Green Gecko wrote:"Gender Critical" is trending on Twitter and unfortunately I checked it out while moaning about a coronavirus support grant process. This seems like a euphemism for transphobia to me.
Yep, you got it!
Green Gecko wrote:I referenced "intersex" people and was told by an "intersex" person I had to apologise and that this a deeply offensive term
Intersex isn't a slur. A core TERF/GC view is that sex is both immutable and perfectly binary (no shades of grey). This belief makes it difficult for them to engage with the idea of atypical sex phenotypes.

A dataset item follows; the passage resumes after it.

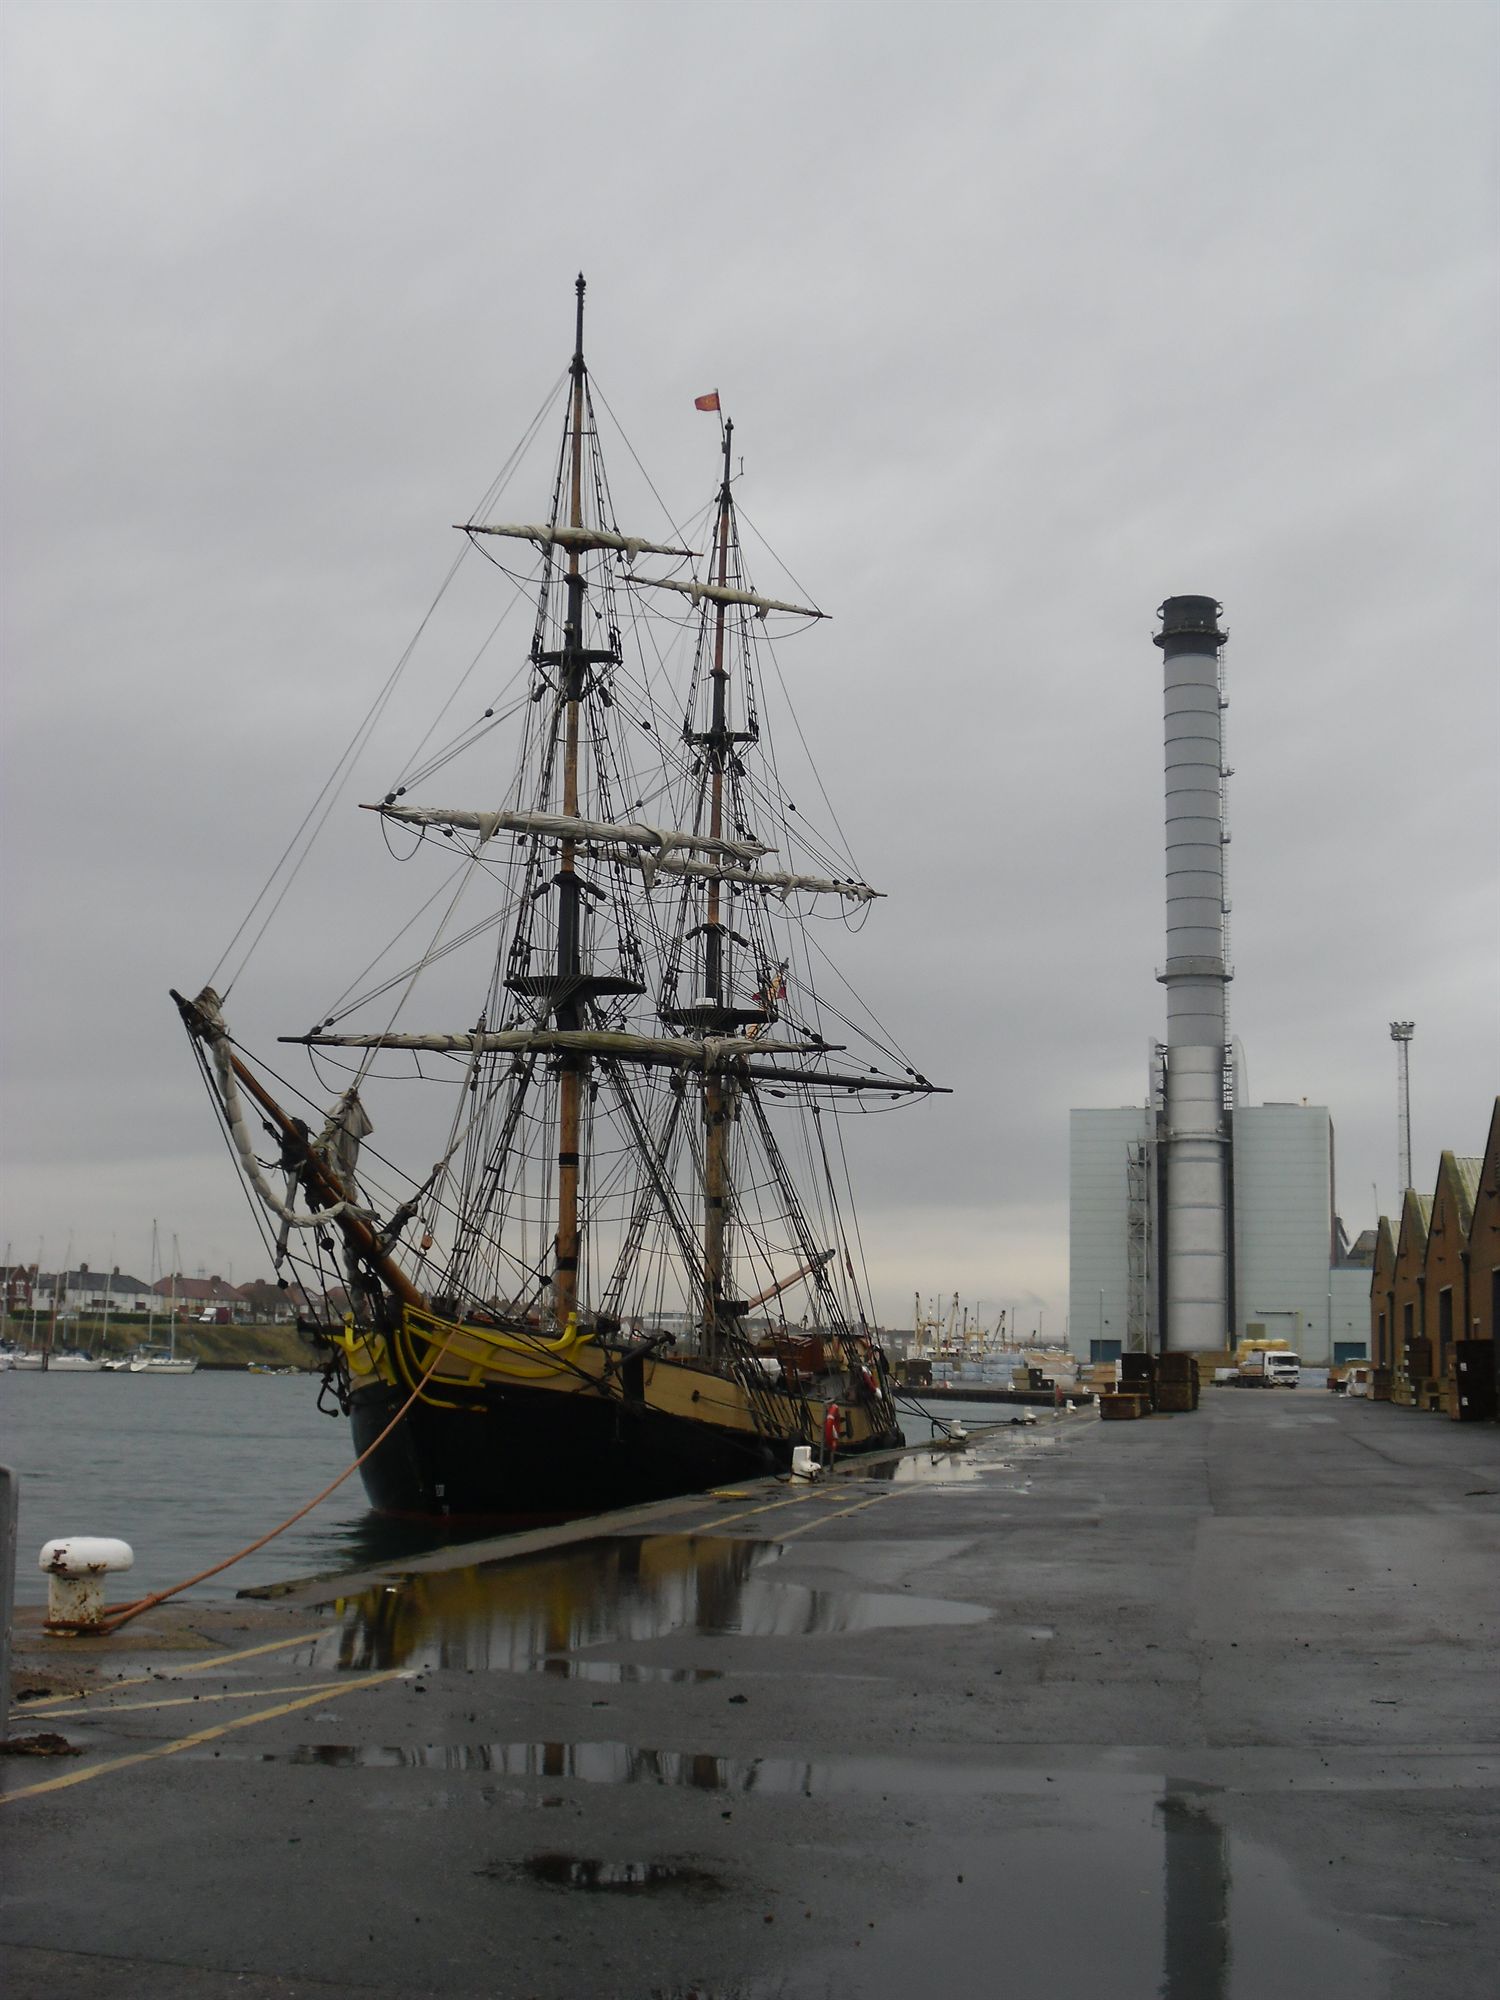 Hornblower's ship seeks refuge in Shoreham Port
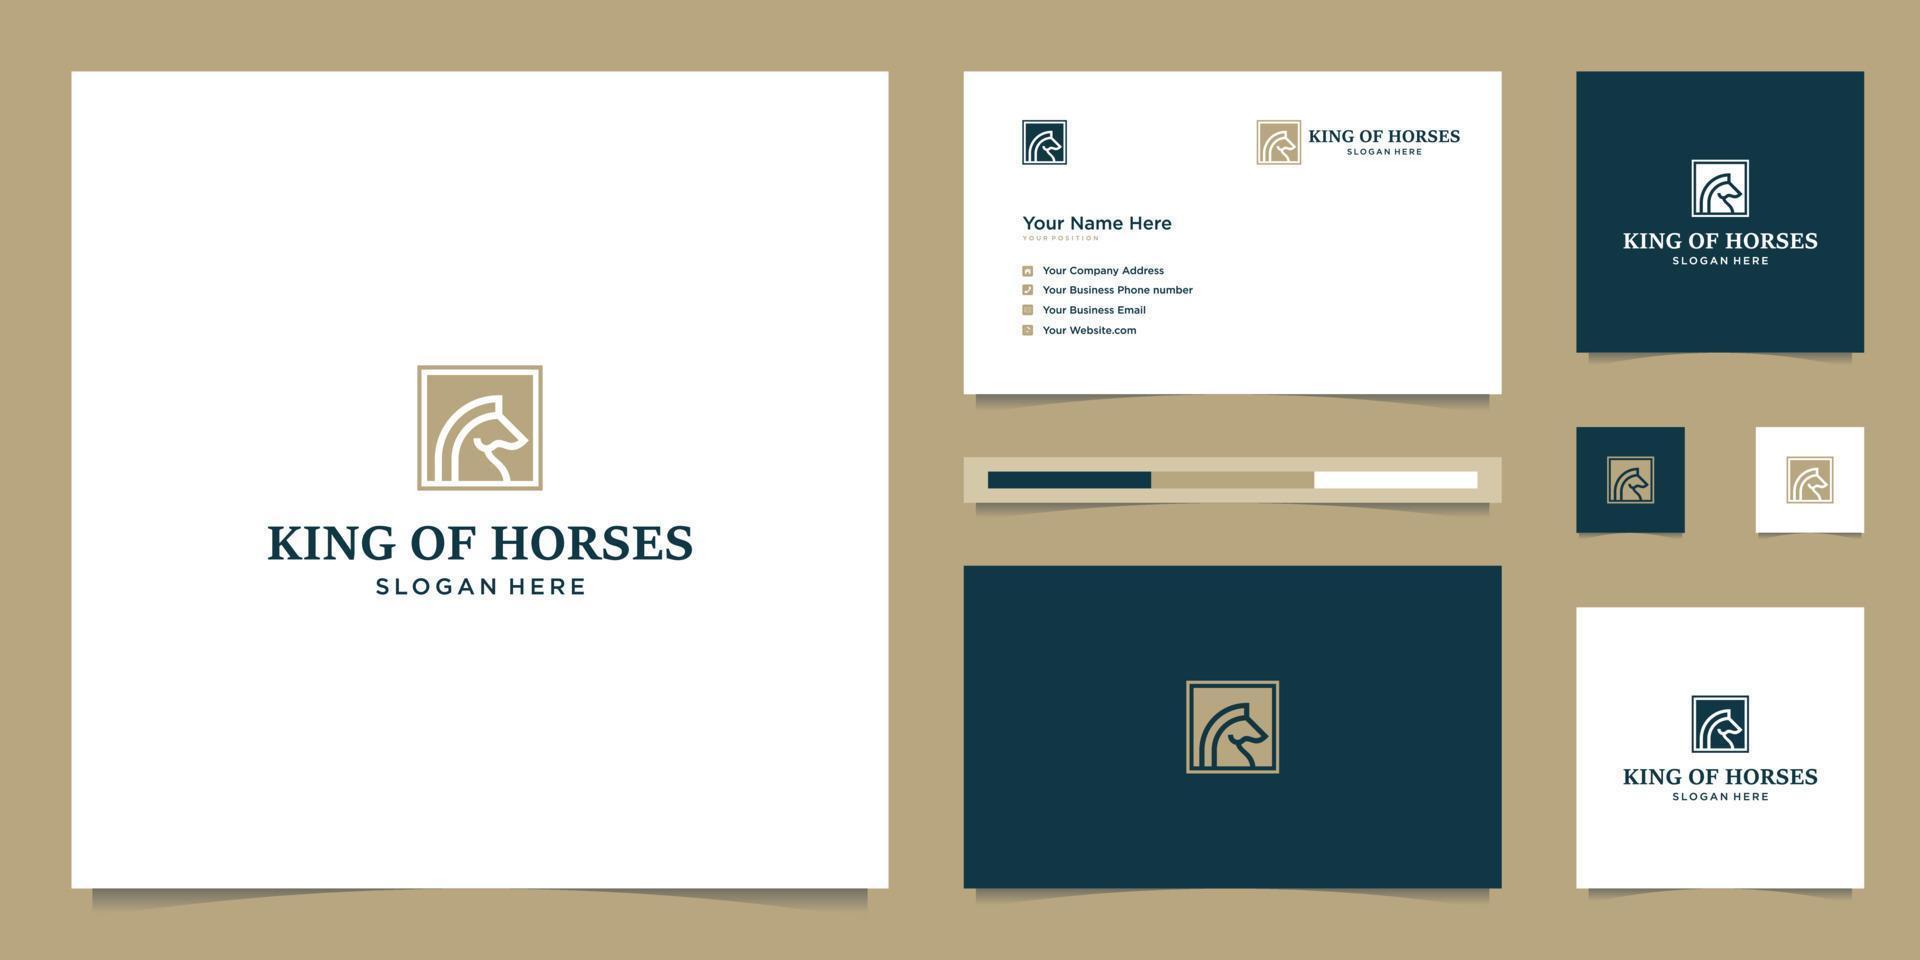 elegant koning paard met elegant grafisch ontwerp en naam kaart inspiratie luxe ontwerp logo vector

(As an aside, a point of advocacy in the intersex community is that intersex babies shouldn't be surgically altered to better fit a typical sex phenotype. Most intersex people believe they should instead be allowed to choose for themselves when older whether they want to be considered female, male, or neither, and which if any surgeries to have.)
Green Gecko wrote:a gay man no less [...] was told by an "intersex" person [...] even amongst LGBTQ folk [...]
I think the majority of LGBTIAQ people do have solidarity with each other. But as you've observed, sadly it isn't unheard of for individual LGBTIAQ people to have bigoted views.
Skarjo wrote:Biological sex *is* largely immutable. Sex is a chromosomal combo that's decided and assigned at the moment of fertilisation. XY makes you male, XX makes you female, and any of the other combos (XYY, XXY, XXX etc) would designate you as intersex. I've never heard of intersex being referred to as a slur myself, but it's definitely the correct biological term. However, I could be behind the times, because many correct medical terms have been adopted as slurs and then replaced by other terms.
Much like you, I don't think someone's sex has any bearing on whether they should be accepted as whatever gender they are. This is just a science note:
It depends how you measure a person's sex. It's possible, for example, to have an XY karyotype and a genetic disorder in a key sexual development pathway (in DMRT1/2, SRY, etc.) and end up with an entirely female phenotype. It would be unusual to categorise a person with 46,XY complete gonadal dysgenesis as male, and there are even 46,XY women with no disorders of sexual development at all. A person's sex is being measured phenotypically there, not karyotypically. This is true for everyone across almost all social and medical scenarios - it's rare to karyotype someone because it's rarely relevant. This informs the question of mutability, because a person's observable sex characteristics are mutable to a large extent - hormone levels, secondary sexual development, genitalia, and so on.